#### WHAT IS REQUIRED
Only one stretch of the listing below is wanted. Give it again exactly, from the line with "Fjällräven Trousers 48" through the line with "Post of the".
RECORDS PROVIDED START
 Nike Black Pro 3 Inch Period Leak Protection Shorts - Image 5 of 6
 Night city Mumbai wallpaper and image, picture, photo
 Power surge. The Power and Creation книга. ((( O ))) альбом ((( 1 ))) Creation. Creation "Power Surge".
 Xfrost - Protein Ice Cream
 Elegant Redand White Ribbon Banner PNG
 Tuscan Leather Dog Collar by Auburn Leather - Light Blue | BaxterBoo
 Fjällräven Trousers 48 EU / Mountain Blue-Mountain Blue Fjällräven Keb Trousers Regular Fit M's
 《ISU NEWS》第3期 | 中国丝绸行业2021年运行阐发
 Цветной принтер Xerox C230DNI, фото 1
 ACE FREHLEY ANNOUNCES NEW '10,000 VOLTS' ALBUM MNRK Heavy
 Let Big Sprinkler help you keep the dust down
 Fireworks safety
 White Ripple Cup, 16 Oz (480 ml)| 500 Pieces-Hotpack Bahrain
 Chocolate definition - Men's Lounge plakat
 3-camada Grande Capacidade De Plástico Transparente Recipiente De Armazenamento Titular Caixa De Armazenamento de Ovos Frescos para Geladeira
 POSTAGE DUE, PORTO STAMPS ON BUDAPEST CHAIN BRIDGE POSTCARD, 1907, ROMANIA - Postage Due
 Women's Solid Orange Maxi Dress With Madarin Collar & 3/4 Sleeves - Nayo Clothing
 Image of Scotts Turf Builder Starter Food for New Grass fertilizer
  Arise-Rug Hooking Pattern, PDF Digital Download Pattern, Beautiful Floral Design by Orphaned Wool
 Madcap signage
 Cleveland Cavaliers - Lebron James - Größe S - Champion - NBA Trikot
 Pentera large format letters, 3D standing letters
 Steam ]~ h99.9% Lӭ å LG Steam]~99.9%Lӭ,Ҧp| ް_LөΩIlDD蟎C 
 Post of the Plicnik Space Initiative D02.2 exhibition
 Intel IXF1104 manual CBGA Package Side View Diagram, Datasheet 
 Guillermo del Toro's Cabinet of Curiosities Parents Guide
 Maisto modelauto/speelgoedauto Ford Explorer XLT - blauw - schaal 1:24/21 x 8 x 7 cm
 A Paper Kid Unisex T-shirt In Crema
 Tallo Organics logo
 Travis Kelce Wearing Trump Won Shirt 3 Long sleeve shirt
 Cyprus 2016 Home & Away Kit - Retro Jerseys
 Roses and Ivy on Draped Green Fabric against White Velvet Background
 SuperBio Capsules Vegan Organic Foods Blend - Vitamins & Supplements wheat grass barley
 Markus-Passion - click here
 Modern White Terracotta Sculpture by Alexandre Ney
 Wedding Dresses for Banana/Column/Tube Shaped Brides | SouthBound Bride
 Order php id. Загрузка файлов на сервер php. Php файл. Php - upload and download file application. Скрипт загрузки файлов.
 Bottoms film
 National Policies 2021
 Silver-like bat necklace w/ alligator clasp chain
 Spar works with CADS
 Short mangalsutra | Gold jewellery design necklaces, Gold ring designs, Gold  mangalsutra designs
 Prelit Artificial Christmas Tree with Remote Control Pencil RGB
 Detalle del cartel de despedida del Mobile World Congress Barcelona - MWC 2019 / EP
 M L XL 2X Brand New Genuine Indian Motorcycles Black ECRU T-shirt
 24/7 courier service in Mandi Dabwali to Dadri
RECORDS PROVIDED END
#### EXERCISE SOLUTION
 Fjällräven Trousers 48 EU / Mountain Blue-Mountain Blue Fjällräven Keb Trousers Regular Fit M's
 《ISU NEWS》第3期 | 中国丝绸行业2021年运行阐发
 Цветной принтер Xerox C230DNI, фото 1
 ACE FREHLEY ANNOUNCES NEW '10,000 VOLTS' ALBUM MNRK Heavy
 Let Big Sprinkler help you keep the dust down
 Fireworks safety
 White Ripple Cup, 16 Oz (480 ml)| 500 Pieces-Hotpack Bahrain
 Chocolate definition - Men's Lounge plakat
 3-camada Grande Capacidade De Plástico Transparente Recipiente De Armazenamento Titular Caixa De Armazenamento de Ovos Frescos para Geladeira
 POSTAGE DUE, PORTO STAMPS ON BUDAPEST CHAIN BRIDGE POSTCARD, 1907, ROMANIA - Postage Due
 Women's Solid Orange Maxi Dress With Madarin Collar & 3/4 Sleeves - Nayo Clothing
 Image of Scotts Turf Builder Starter Food for New Grass fertilizer
  Arise-Rug Hooking Pattern, PDF Digital Download Pattern, Beautiful Floral Design by Orphaned Wool
 Madcap signage
 Cleveland Cavaliers - Lebron James - Größe S - Champion - NBA Trikot
 Pentera large format letters, 3D standing letters
 Steam ]~ h99.9% Lӭ å LG Steam]~99.9%Lӭ,Ҧp| ް_LөΩIlDD蟎C 
 Post of the Plicnik Space Initiative D02.2 exhibition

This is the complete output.